The dataset splitting process was carefully designed to prevent any data leakage. All images were divided into training (80%), validation (10%), and testing (10%) subsets using stratified sampling, ensuring class balance across partitions. Data augmentation (rotation, flipping, zooming, and scaling) was applied only to the training set after the split, ensuring that no augmented or duplicate samples appeared in the validation or test sets.
Proposed Methodology
The combination of EfficientNetB3 and ResNet50 in the proposed ResEfficientNetB3 ensemble was motivated by their complementary feature extraction characteristics, as shown in Figure 4. EfficientNetB3 utilizes a compound scaling strategy that uniformly scales depth, width, and input resolution, enabling it to capture fine-grained local and textural features from retinal images with high computational efficiency. This makes it highly effective in identifying subtle variations such as microaneurysms, haemorrhages, and early signs of diabetic retinopathy. Conversely, ResNet50 employs deep residual connections that facilitate the learning of hierarchical and global structural features by mitigating vanishing gradients. These residual mappings allow the model to capture broader spatial relationships and vessel network structures typical of advanced ocular conditions such as glaucoma. By fusing the feature representations from EfficientNetB3 and ResNet50, the ensemble leverages both local textural sensitivity and global contextual understanding, resulting in a more balanced and robust model capable of generalizing effectively across diverse retinal disease categories. Proposed methodology.
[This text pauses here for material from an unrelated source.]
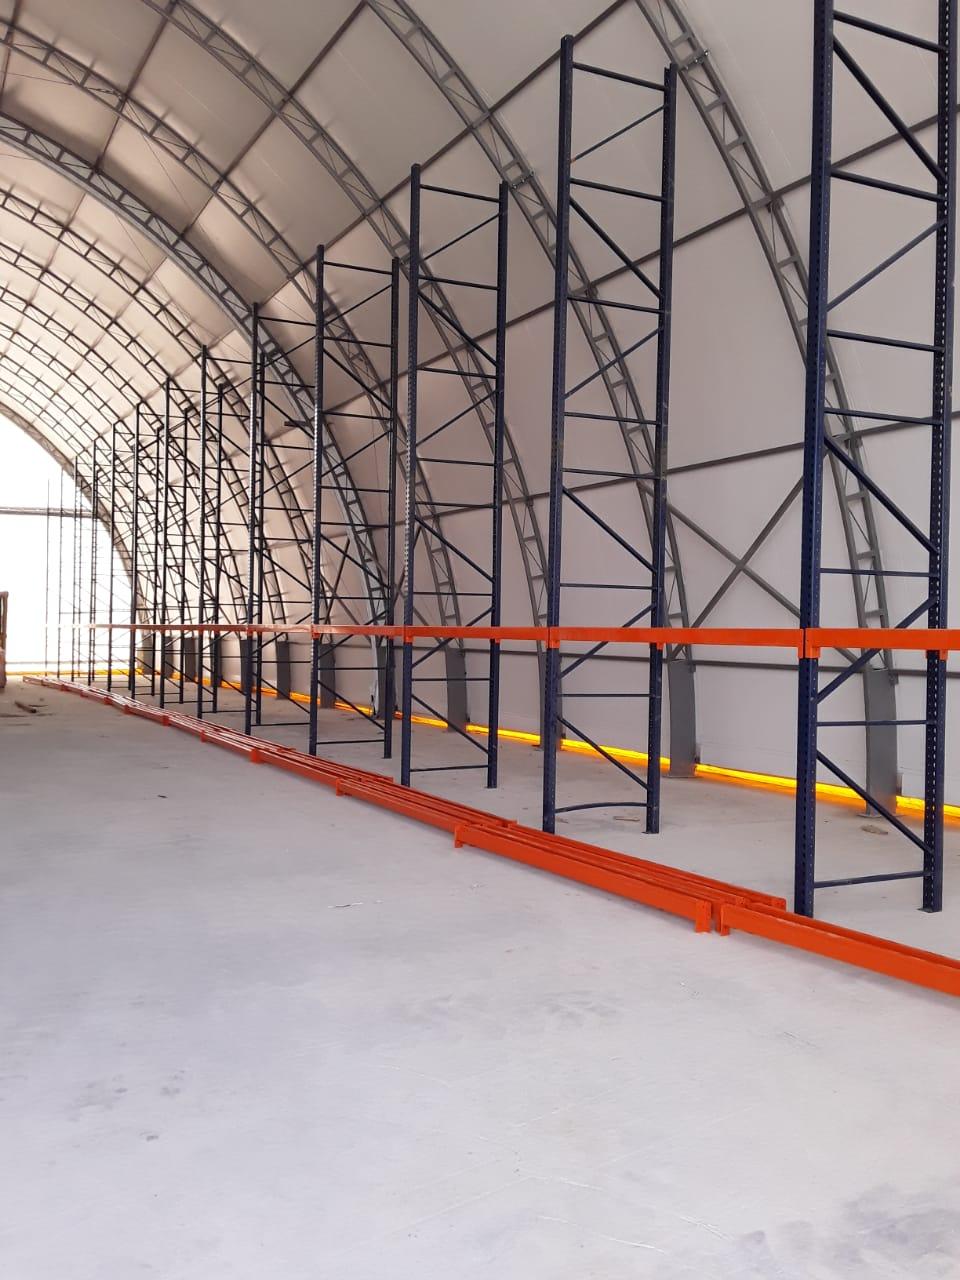 estanteria metalica industrial Pesada para ecobodegas ecopetrol solmetal (5)

By combining the two strong architectures, the fine-tuned EfficientNetB3 and the fine-tuned ResNet50, the proposed ResEfficientNetB3 model, as shown in Figure 3, utilizes deep learning for the classification of eye diseases. Starting with dataset preparation and augmentation—resizing the images to 224 x 224 dimensions and standardizing pixel values—the process includes augmenting techniques such as zooming, rotating, flipping, and scaling. Including many variations in the sample provides a robust training set. To maximize model learning and assessment, the dataset is maintained in an 80:20 ratio and is separated into training and testing sets. Following a foundation model pre-trained on ImageNet, the EfficientNetB3 architecture consists of dense layers, batch normalization, dropout, and a last prediction layer. The ResNet50 architecture also utilizes feature extraction capabilities and combines dropout for efficient classification with deep layers and global average pooling. Each of the models groups eye diseases into normal, cataract, diabetic retinopathy, and glaucoma. The ensemble model is better because combining the strengths of EfficientNetB3 and ResNet50 with a weighted average of their predictions increases its accuracy. This strategy will minimize the bias of a particular model and improve performance. After the ensemble, there is a dropout followed by a dense layer that enhances forecasts. The model’s efficiency is demonstrated by the performance analysis of the model on the test data, including accuracy and loss curves. The combined method guarantees precise and reliable categorization, which could make it a good solution for the detection and treatment of early eye diseases; it can also contribute to the rapid distribution of health treatment.
Fine-tuned EfficientNetB3
The fine-tuned EfficientNetB3 model functions as a primary feature extractor within the proposed ResEfficientNetB3 framework, as shown in Figure 5. EfficientNetB3 employs a compound scaling approach that uniformly balances the network’s depth, width, and input resolution, thereby achieving an optimal trade-off between accuracy and computational efficiency. This design enables the network to capture intricate visual cues, such as fine-grained retinal textures and subtle pathological variations, which are often critical in distinguishing between similar disease categories. In this study, EfficientNetB3 was initialized with ImageNet pre-trained weights to utilize general visual representations. It was subsequently fine-tuned on the retinal disease dataset to learn domain-specific features related to ocular structures such as blood vessels, lesions, and optic disc patterns. The lower convolutional layers were kept frozen to preserve generic low-level feature extraction, while the deeper layers were retrained to adapt to the specialized medical imaging context. Fine-tuned EfficientNetB3 model architecture.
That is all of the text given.